Travel tips: Maryland’s major roads — including I-270, I-70, and Routes 15 and 40 — pass through a bottleneck at Frederick. Try to avoid starting your trip between 1 and 8 p.m. Fridays.

Between school closing and Labor Day, the roads around Deep Creek Lake can get very crowded. There are peaceful state parks with cabins along the way west, including New Germany and Herrington Manor. At Frederick, vacationers could swing north on Route 15 to cabins at Cunningham Falls State Park in Thurmont.

Travelers can make reservations on the Department of Natural Resources Web site at ­www.dnr.maryland.gov.

The Maryland State Highway Administration has some highway repair projects in the western part of the state this summer, but they are unlikely to severely affect traffic flow during the peak travel times.


Eastern Shore

Classic route: Route 50 east to Ocean City (about 150 miles).

Alternative: There really isn’t a good highway alternative to the Ocean Gateway (Route 50). Around Wye Mills, Md., Route 404 branches east from Route 50 and heads for Rehoboth Beach on the Delaware shore, but it’s narrow and crowded.

Along the Route 50 corridor, there are some short breaks, including Route 662 at Wye Mills. Approaching the shore, Route 90 (Ocean City Expressway) provides an alternative way into the city, at 62nd Street.

Travel tips: The best Bay Bridge travel times for summer weekend getaways are Thursday and Friday before 10 a.m. and after 10 p.m.; Saturday before 7 a.m. and after 5 p.m.; and Sunday before 10 a.m. and after 10 p.m. The regular car toll for the bridge is $6, paid eastbound.

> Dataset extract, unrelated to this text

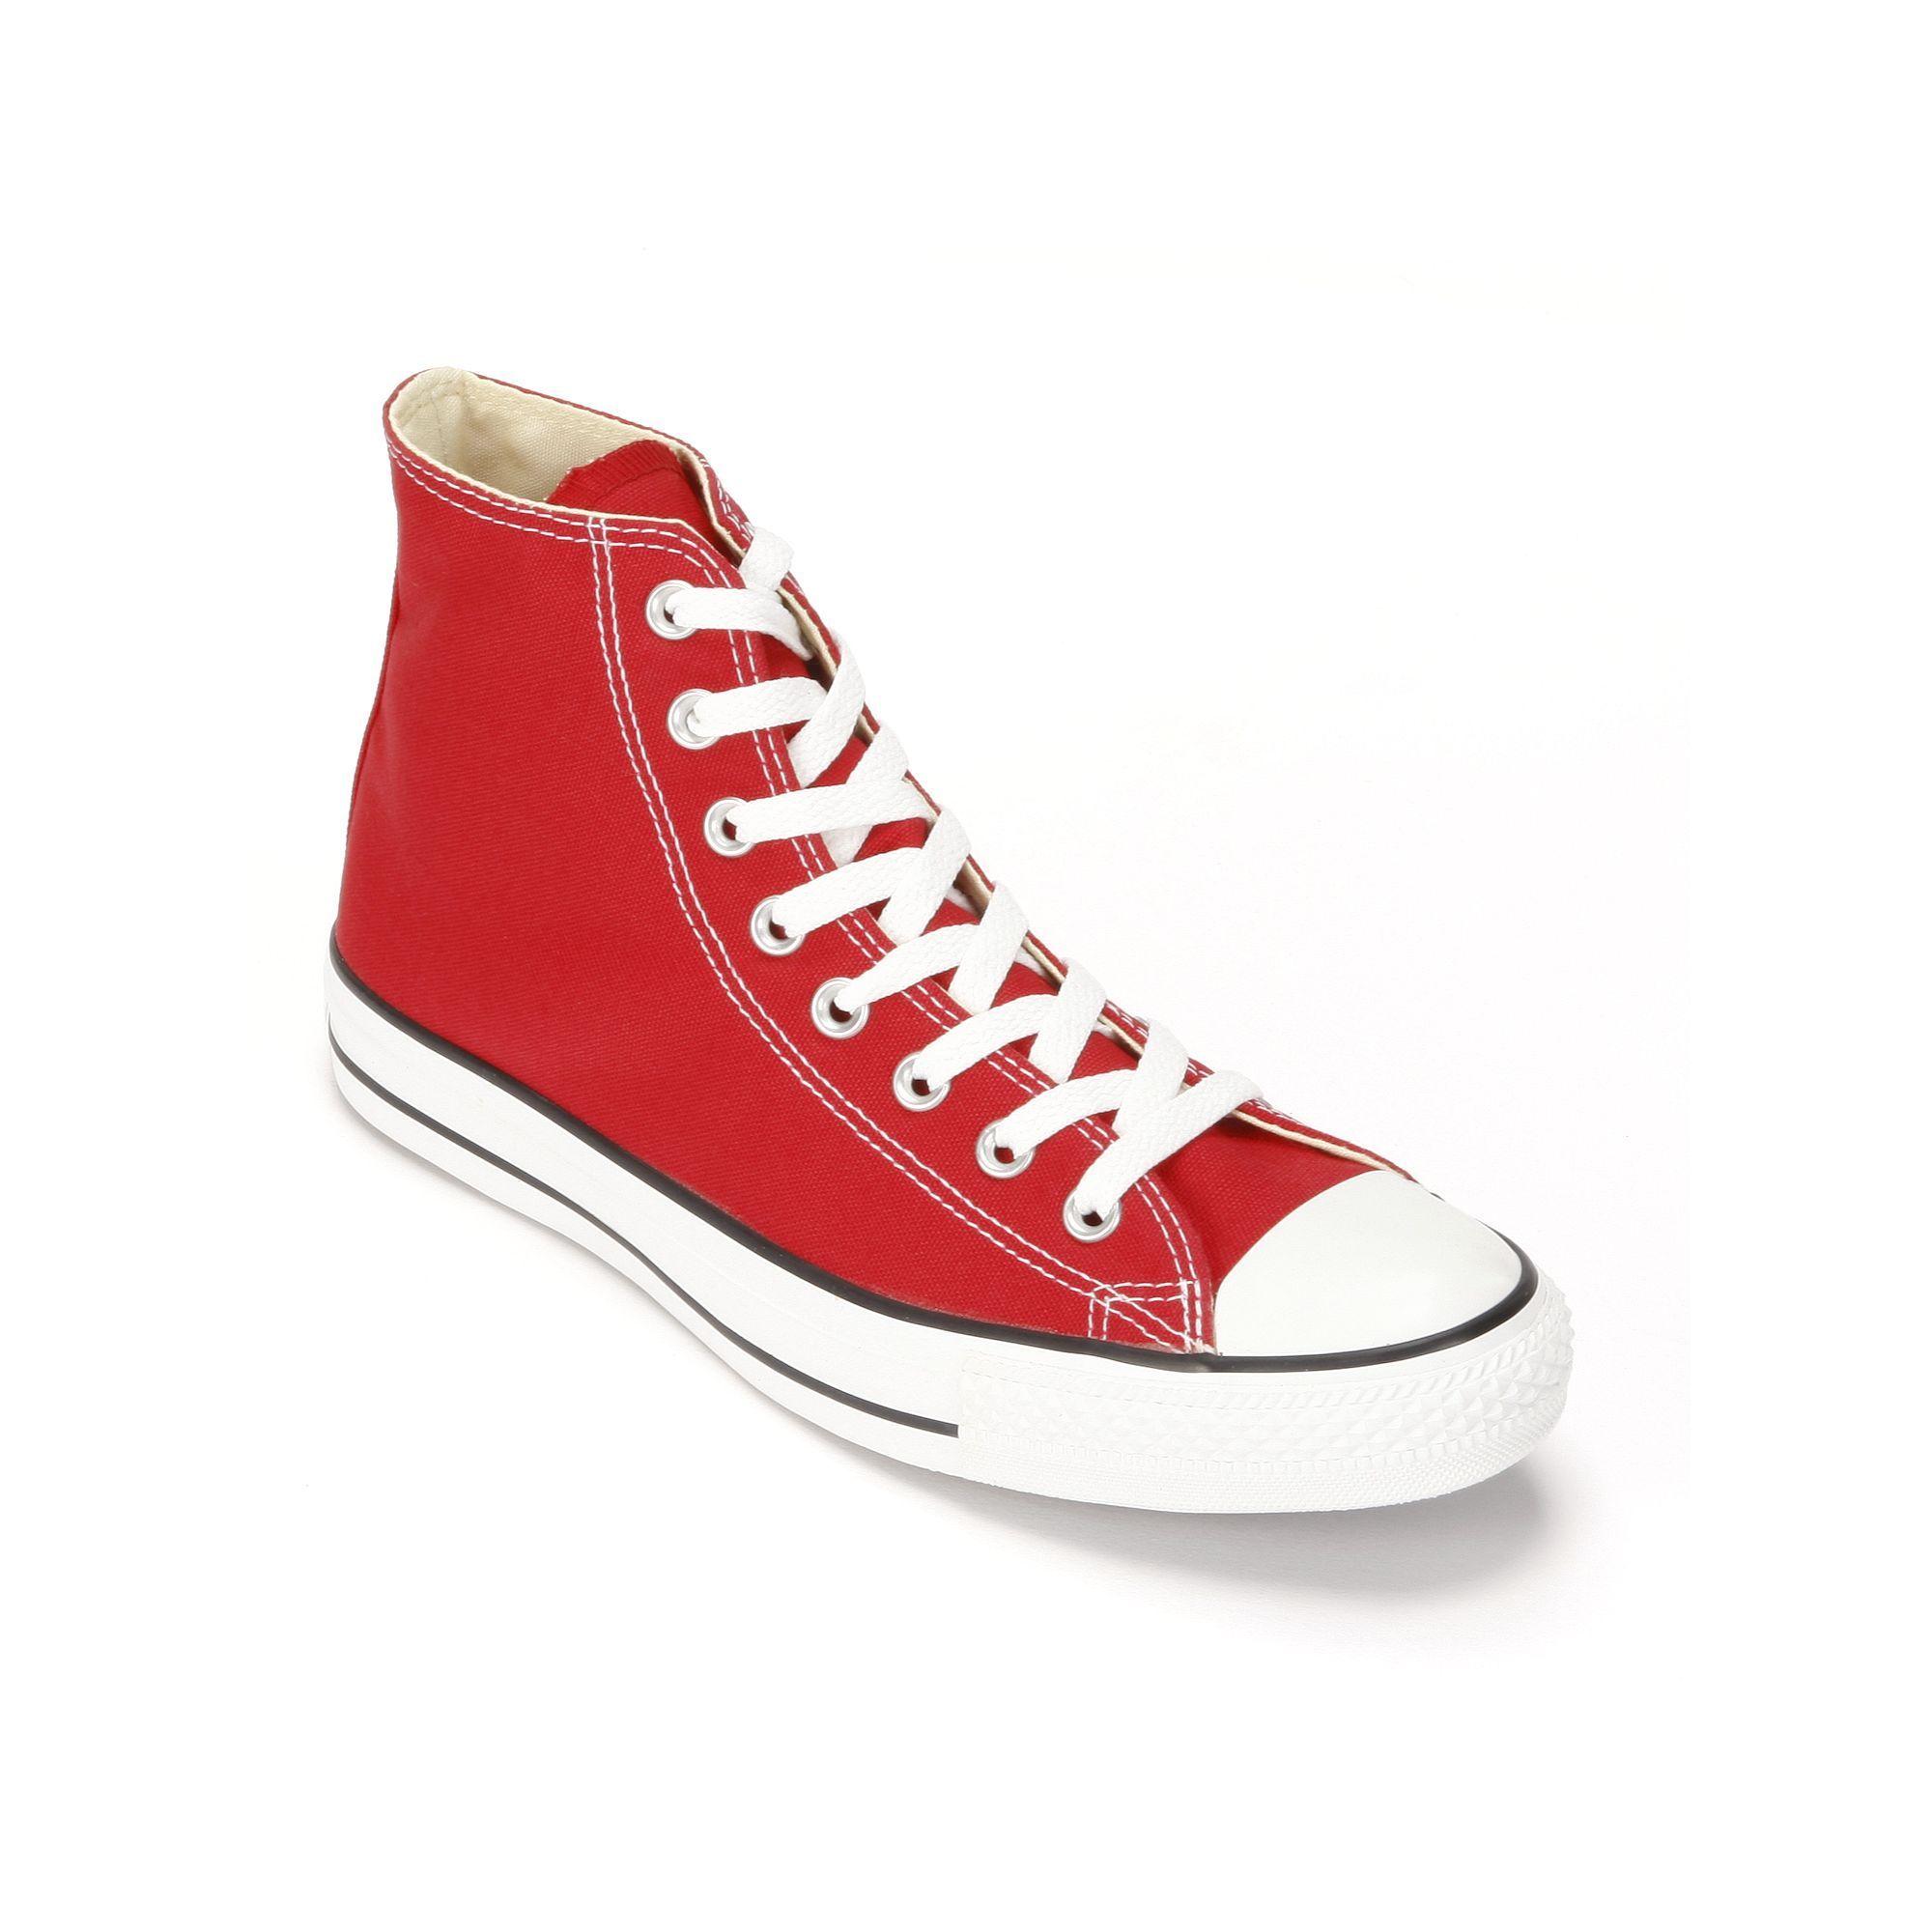 7deddb367ddb Adult Converse All Star Chuck Taylor High-Top Sneakers

Headlight use is required at all times on the bridge. At peak periods, the westbound span is sometimes realigned for two-way traffic. In that case, the five lanes on the left side of the toll plaza are directed to that span. Drivers who want an E-ZPass Only lane for the exclusively eastbound span should use toll lanes 6 or 9.

Maryland offers traffic information for the bridge at www.baybridge.com. To get information about your entire route, dial 511 from within the state and use the voice-recognition system, or use the Web site www.md511.org.


Outer Banks

Classic route: I-95 south, to I-295 south, to I-64 east, to I-664 south, then I-64 to Exit 292 for Chesapeake Expressway/I-464/Route 17. Then keep left to continue to the Chesapeake Expressway (Route 168) and take Nags Head/Great Bridge Exit 291B to routes 168 and 158 and the Outer Banks (about 270 miles to Kitty Hawk, N.C.).

Alternatives: South of Fredericksburg, some I-95 drivers pick up Route 17 south at Exit 126 and take it to I-64 in the Hampton Roads area. Others take the I-295 bypass around Richmond into the Petersburg area, then take Route 460 east into Hampton Roads.

Drivers on the east side of the D.C. region could take Route 301, crossing the Potomac River on the Nice Bridge ($6 car toll collected southbound), then connect with Route 17 south. Drivers starting southbound trips from west of the D.C. area may avoid some of the I-95 congestion by taking Routes 29 and 17 to the Fredericksburg area.

Travel tips: I-95 traffic on Friday and Sunday afternoons can be stop and go between the District and Fredericksburg. Traffic volume is very high, plus there’s the 95 Express Lanes construction.

There will be lane closings on I-95 during off-peak hours and overnights, plus those weekend closings of the HOV lanes. Also watch for many construction vehicles turning into and out of the work areas.

Get information about Virginia traffic conditions through the 511 system. On the Web, it’s at www.511virginia.org. You can also call 511 from any phone in Virginia.